September 16, 2014:
Psychological in Nature Pressure is a compelling sense of urgency that forces you out of a normal mode of operating.This post by Ron Avery (one of my personal heroes of Shooting Excellence) provides some valuable insight into the process of developing excellent shooting skills.
Pressure puts you into a higher state of arousal. It’s psychological. Pressure changes your mental state and forces you to deal with challenge over arousal, fear, doubt, and other emotions. If you want to reach higher levels of competency and skill, learn to stay calm in dangerous situations; make good decisions while under duress.
You absolutely have to have pressure on a regular basis and learn to thrive under it. Pressure is created by making a test of your skill, your will, and your self-image — a test that you care about and that matters to you. It forces you to question your abilities, skills, and your self-confidence.
There should be risk of failure and reward built into this test. It can be light, moderate or heavy; depending on what level of training you are at. Above all, it must be appropriate to the skill level of the participants and they must be agreeable to the test. If they don’t want to do it or complain about it all the time, it won’t work out too well.
My emphasis is on Competition, but in fact this training technique is apparently positioned in the "Self Defense" area.
One of the primary reasons why I became involved in IPSC competition was that .... well, I bought a gun.
I own several guns, but this was a 1911 style pistol which I though would allow me to be 'competitive' But I had no idea how well I would compare with other people, so I got into USPSA just so I could learn if I was as good as I thought I was.
I was not as good as I thought I was. I'm better, now, but still not really very good.
The thing is, when you are shooting under pressure, the whole shooting thingie comes down to one thing:
You're not prepared When Things Go Wrong.
I've been competing for over 20 years now (okay, 30 years ... but who's counting?) and the one think I've learned is that something ALWAYS goes wrong. Your individual performance doesn't depend on how accurately you can shoot, nor how quick you are on the draw. It depends on how you react when the situation goes into the crapper.
Prepare for a Gunfight?
No, unlike many others (and Ron Avery, who deliberately posits his contributions to attract readership; he's a professional writer, I'm not) I'm not training for a gun fight. I'm just looking to get better at the things I like to do .... including spending a day at the range trying to be a better gun-handler than I was yesterday.
For the past few years, I've been teaching a shooting class which is preperatory (sp) for folks who want to compete in USPSA matches. I've learned more than I've taught, and one of the things I've learned is that most people who think they are 'good shooters' make very elementary mistakes.
The most common mistake? It will amaze you!

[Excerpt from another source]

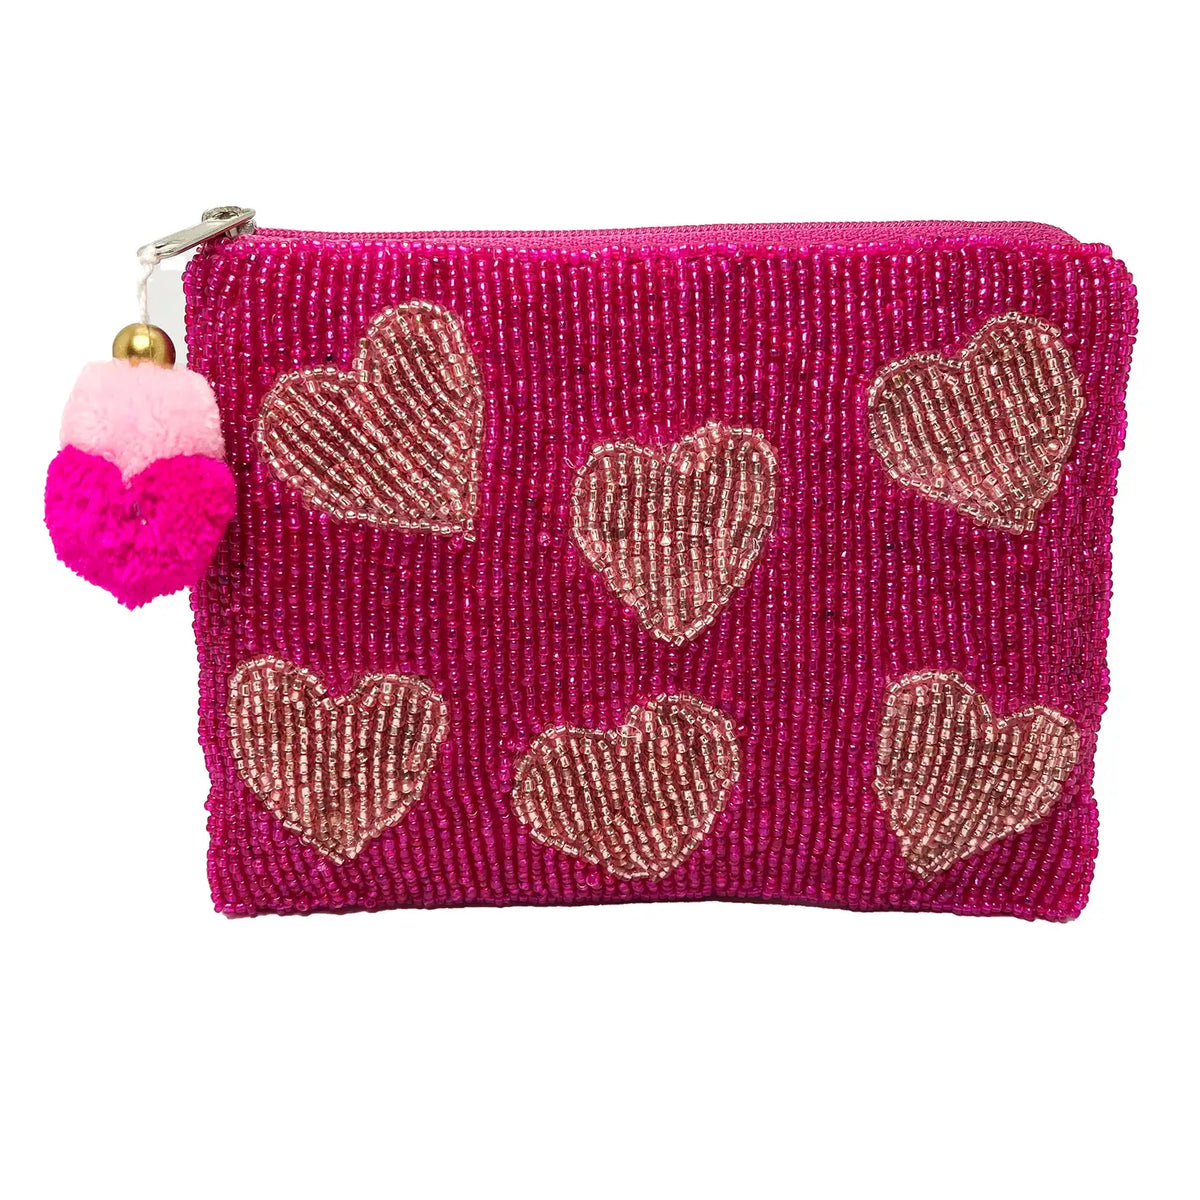 Concepts Reno Beaded Heart coin pouch pink/pink hearts

At least 50% of New Shooters fail to properly seat their magazines when they load their gun. They want to Look Good, so they are very snazzy when they load up for the first lesson; but the invariably fail to check that (1) they have properly seated their magazine, and (2) that a round has actually been loaded in the chamber.
So when the buzzer goes off, instead of
And I just look at them, waiting for the moment when they turn their head and look as me with that invariable quizzical expression ... like a dog who has peed on the rug and KNOWING that they have done something wrong, but look for me to tell them what it is.

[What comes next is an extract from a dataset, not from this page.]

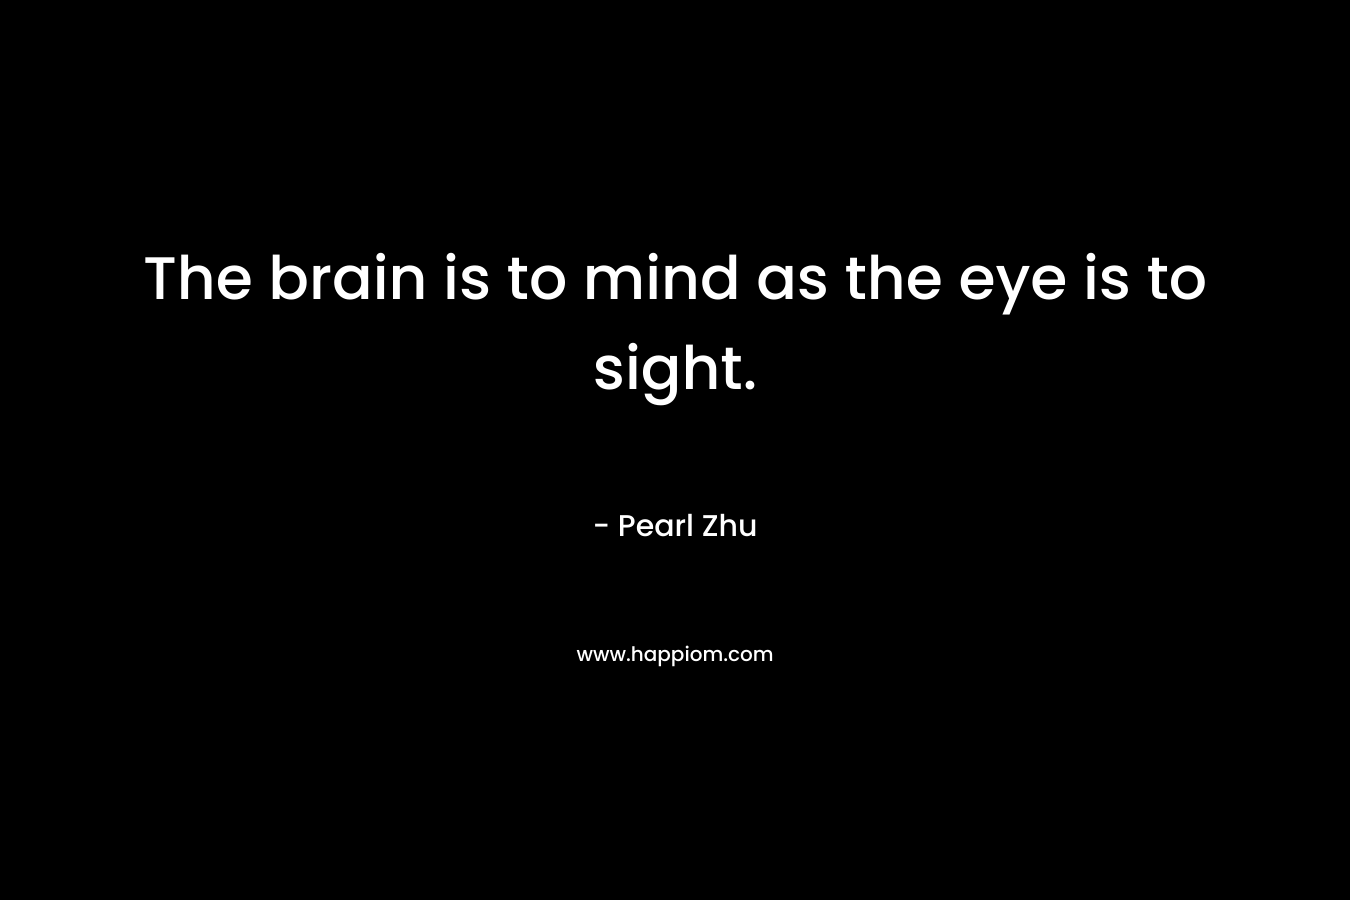 The brain is to mind as the eye is to sight.

"It's your time, the clock is running. Deal with it."
This is what "PRESSURE does to Good Shooters.
It turns them into idiots.
While The First Lesson is supposedly about learning the range commands, it's actually about controlling the gun. All they have to do is to load their gun and shoot one round at a target 7 yards away; but they can't do that.
Because they're under PRESSURE!
The pressure of TIME, and everybody is watching them. They have failed the first rule of gun handling .. which is not about safety, at all.

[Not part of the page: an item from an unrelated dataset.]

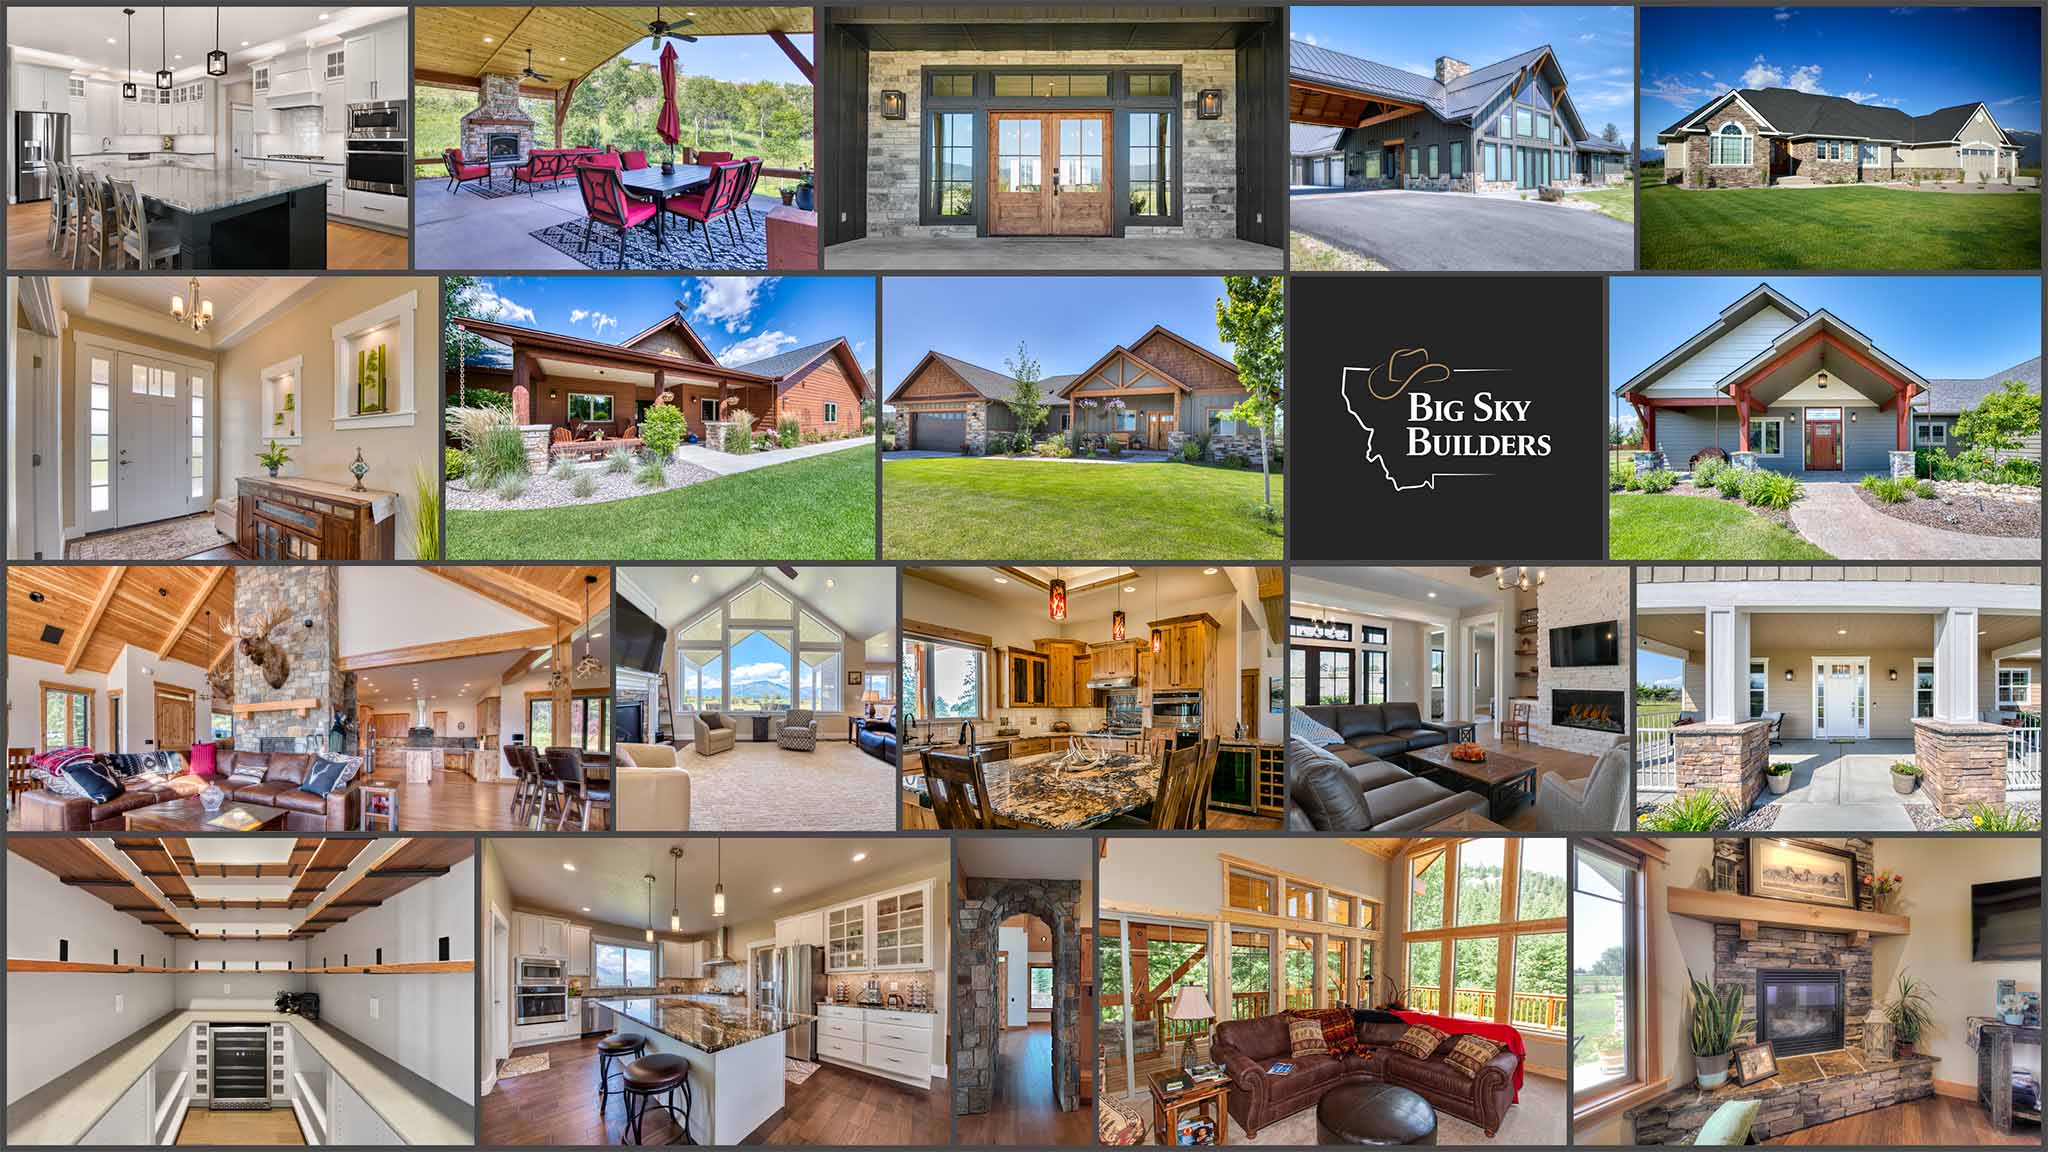 Photo Collage of homes built by Big Sky Builders of Montana in the Bitterroot Valley

The first rule of Gun Handling is: When you are advised to MAKE READY .. you have to make sure that you are loaded, and ready.
Getting back to "win a gunfight" and "train under pressure":
Look. Most of us think we're pretty good with guns. The truth is, we're not.
We don't really think we're going to "get into a gunfight", but we're sure we are ready if we do.
YOU are not!
Something is going to go wrong, and it is usually that part where you load your gun. Here are the rules:
- Make sure your magazines are fully loaded
- .. and that they are fully seated
- Then check that you have done the first two steps
- and press-check to confirm that there is a round in the chamber
- .... and then that the pistol has gone back into battery after checking your load
That's why I enjoy IPSC/USPSA competition. It allows us to make all the easy mistakes, and many of the not-so-easy mistakes, involved in being prepared to shoot with true confidence.
We've made all the mistakes, we've learned from them, and every time we miss one single step in our preparation it comes back to bite us on the ass. There's only so much humiliation we can accept; eventually, we learn to do all the checks, all the cautionary measures, all the actions which help us to avoid the humiliation of not being prepared.
So, like good Boy Scouts, when we go to the line at a match, we are always prepared.
What does that do for the folks who want to win a gunfight?
- No self-confidence .. only TRUE confidence that we are prepared to shoot.
- there is no Number 2. If you're prepared, then it's only judgement and confidence.